In 1989, when his editor, Joesoef Isak, presented me with a typescript of all the materials that had been smuggled out of Buru and requested that I not only translate the thousand plus pages of raw text but that I also edit and shape the material in such a way as to make it more easily accessible to the English-language reader, I first hesitated, unsure as to whether I could shape the material into a cohesive text, but I will always be glad that I did accept the challenge. In the eight years that it took for me to produce a final manuscript I spent countless hours talking to Pram about his childhood, his marriages, his children, his role as a writer, and his life as a political prisoner. His constant readiness to assist me gave me the necessary willpower to transform his Indonesian words of hope and despair into English-language siblings.

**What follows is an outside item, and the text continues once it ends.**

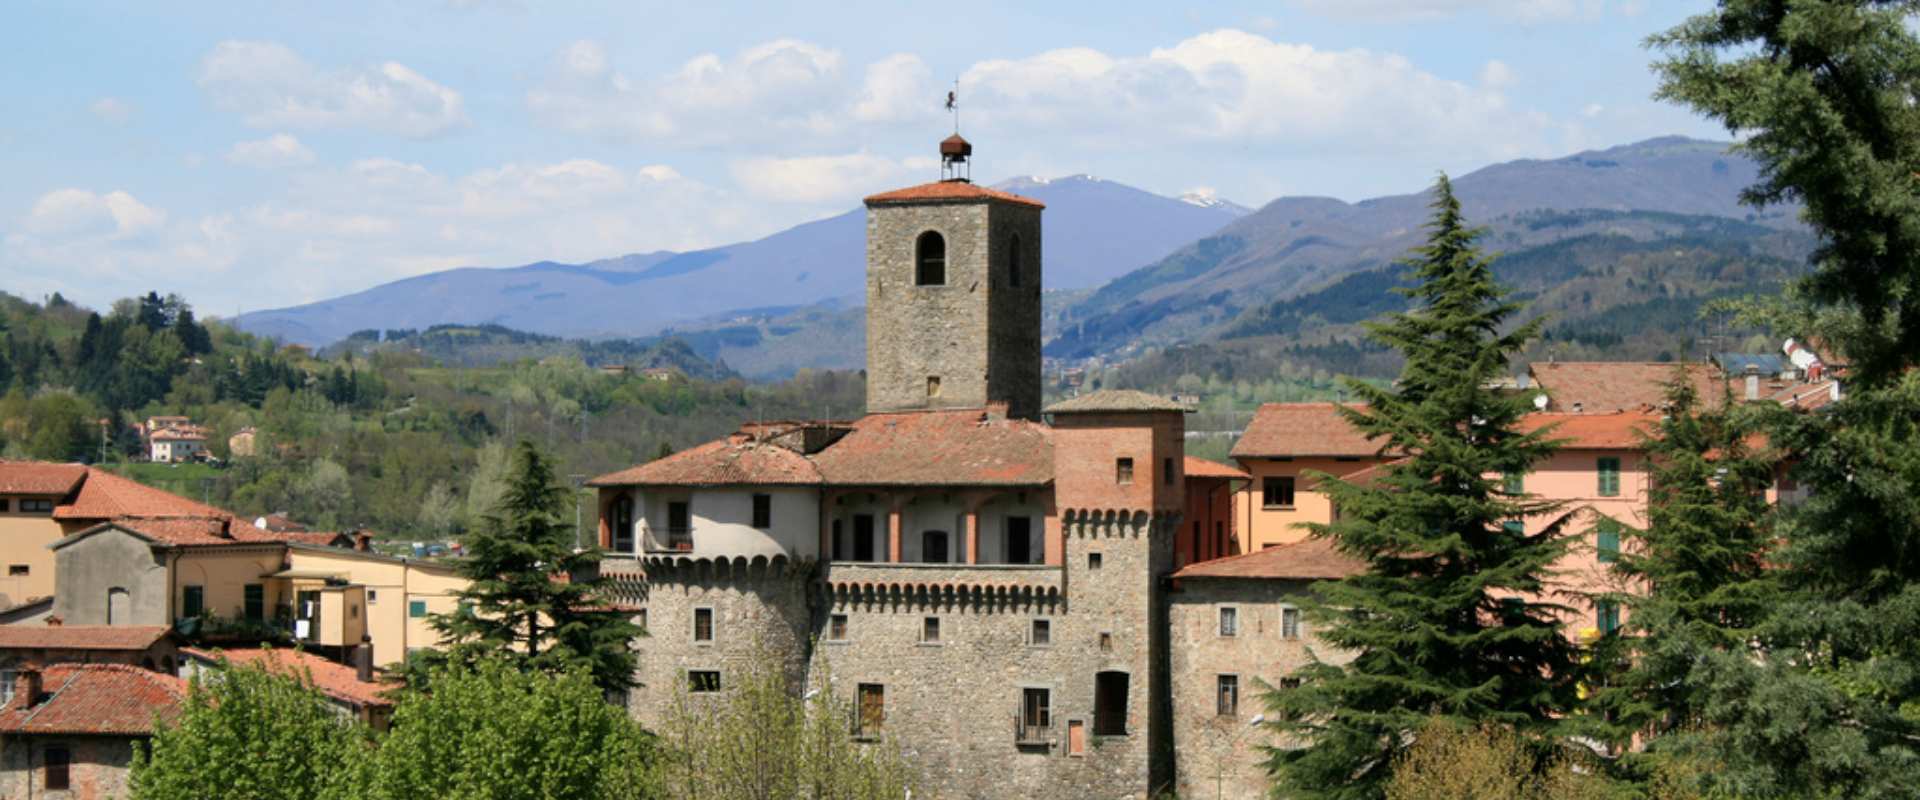 La Rocca Ariostesca di Castelnuovo Garfagnana

The Mute’s Soliloquy was published in the spring of 1999. With the tremendous changes that had taken place in Indonesia’s political landscape after Soeharto stepped down from power the previous year, it was now possible for Pramoedya to go abroad and thus, in conjunction with the book’s publication, I helped to arrange a U.S. tour for the author. One of his stops was Madison, Wisconsin, home to a center for Indonesian studies at the University of Wisconsin, and only 68 miles from my family home.
On Saturday, April 8, two-days short of the 100-day anniversary of my father’s death (a very important time-marker in Indonesia), Pramoedya visited Glynnspring with his wife, Maimunah; Joesoef Isak; and several students and faculty from U.W. Following a walking tour of the farm, the group gathered inside my family home for a home-cooked meal and to listen to readings from The Mute’s Soliloquy. Many of my siblings and relatives were present. With the time being so soon after my father’s death, as I read a letter that Pramoedya had written to one of his children, my eyes began to well and my throat to catch from the love that was so apparent in his words. Pram’s letters had become my parent’s love letters and soon everyone, Pramoedya included, was clearing their throats or dabbing their eyes. There was no laughter that day but the tears that were shed spoke of a love that would never die.

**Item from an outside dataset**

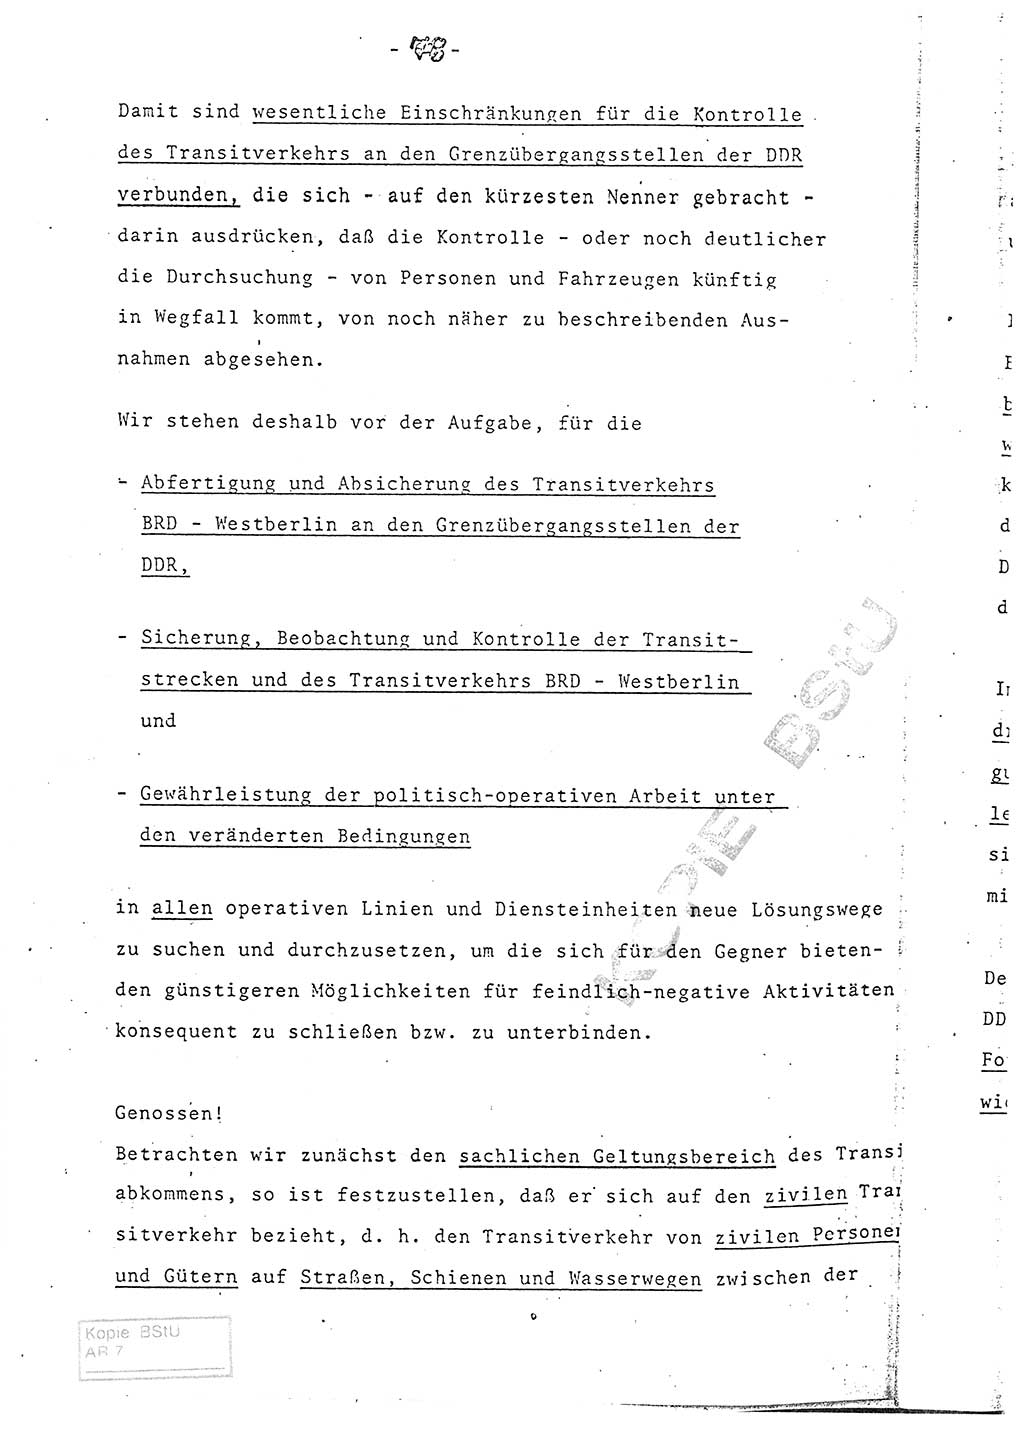 Referat (Entwurf) des Genossen Minister (Generaloberst Erich Mielke) auf der Dienstkonferenz 1972, Ministerium für Staatssicherheit (MfS) [Deutsche Demokratische Republik (DDR)], Der Minister, Geheime Verschlußsache (GVS) 008-150/72, Berlin 25.2.1972, Seite 78 (Ref. Entw. DK MfS DDR Min. GVS 008-150/72 1972, S. 78)

PS: In May 2002, on the very day that the transcription of my parent’s letters was completed, I was again called home, this time because of my mother’s imminent death. A later word count revealed that their collection, with its 1,258 separate items, contains a total of 735,839 words, the equivalent of approximately 2,400 pages of text. According to information obtained from Andrew Carroll, Founding Director of the Center for American War Letters, this makes my parent’s collection of “World War II letters” the second largest known private collection in the United States.